Supplied information:
★ ★ ★ ★ ★

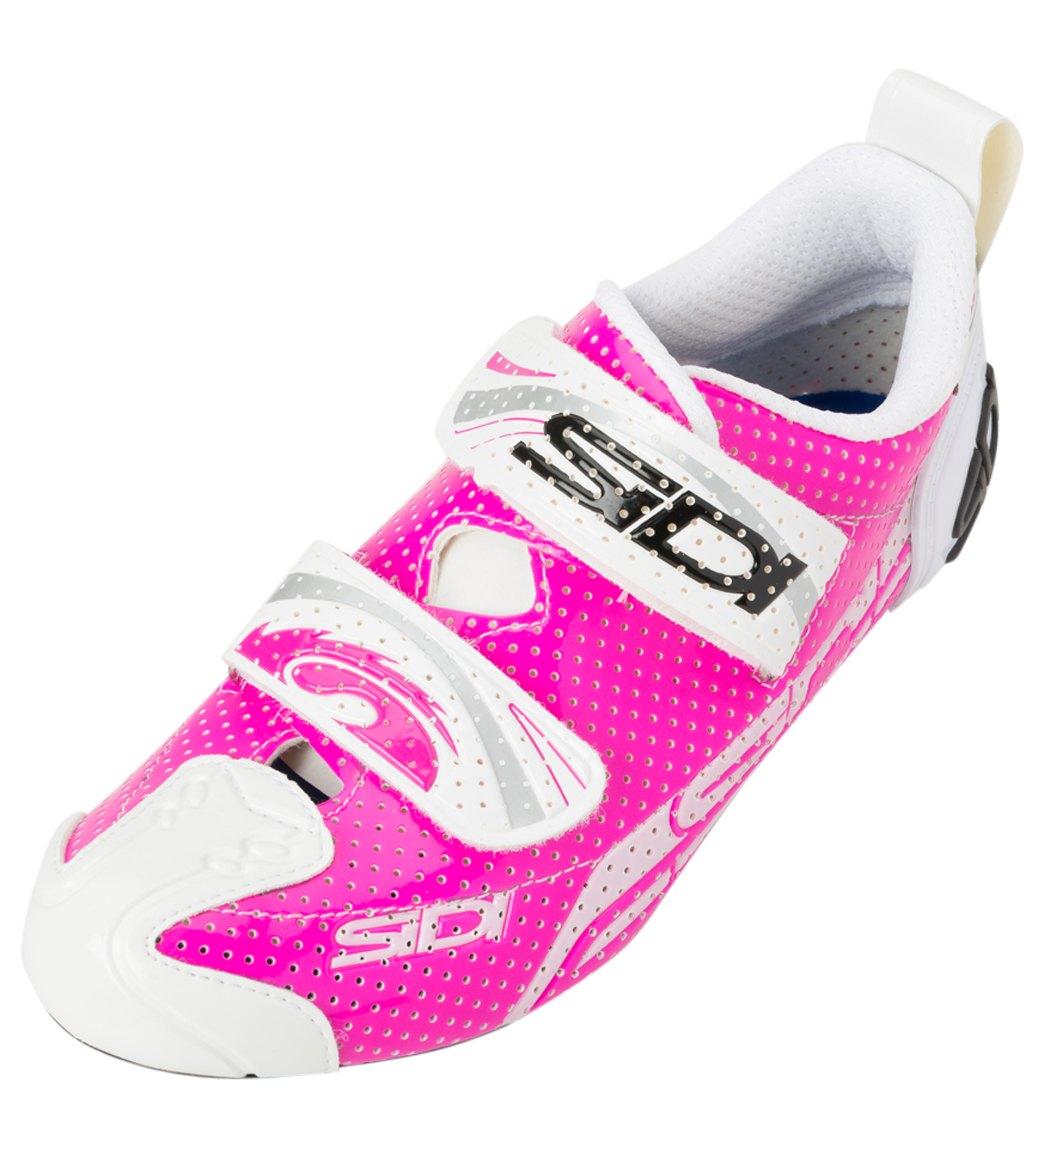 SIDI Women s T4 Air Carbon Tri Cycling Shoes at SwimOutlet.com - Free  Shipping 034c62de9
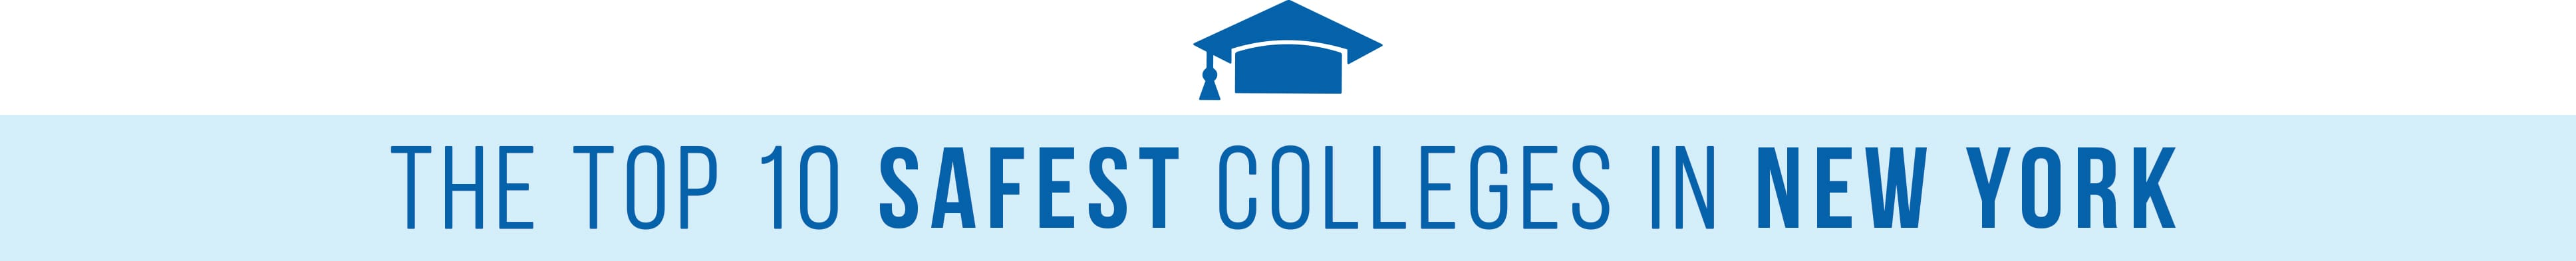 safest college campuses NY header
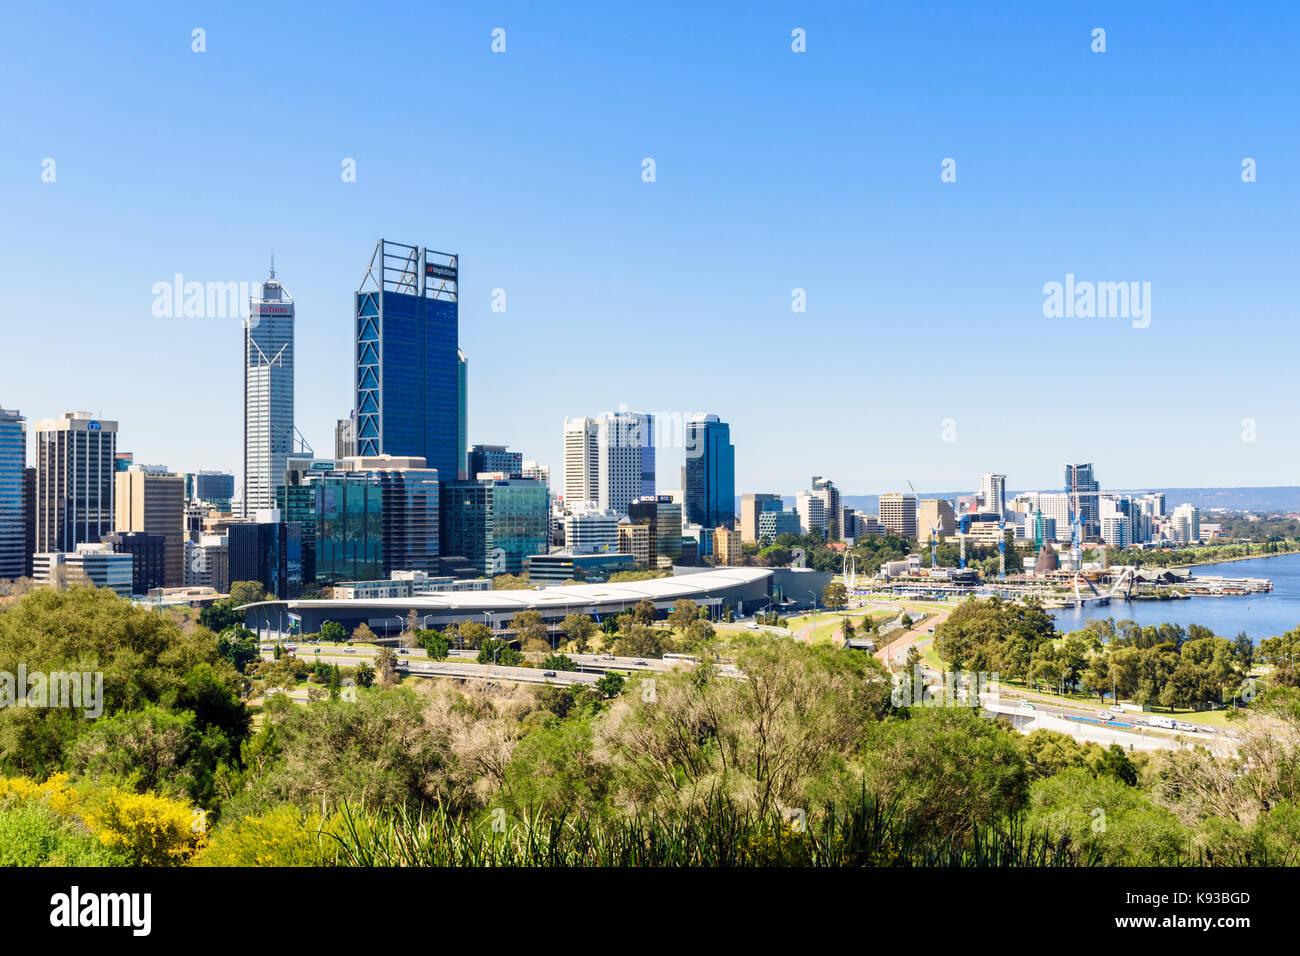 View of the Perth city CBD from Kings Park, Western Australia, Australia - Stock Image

★ ★ ★ ★ ★

Task directions: The result should be the listing above, restated exactly, with no pictures in it.

Answer to the problem:
 SIDI Women s T4 Air Carbon Tri Cycling Shoes at SwimOutlet.com - Free  Shipping 034c62de9
 safest college campuses NY header
 View of the Perth city CBD from Kings Park, Western Australia, Australia - Stock Image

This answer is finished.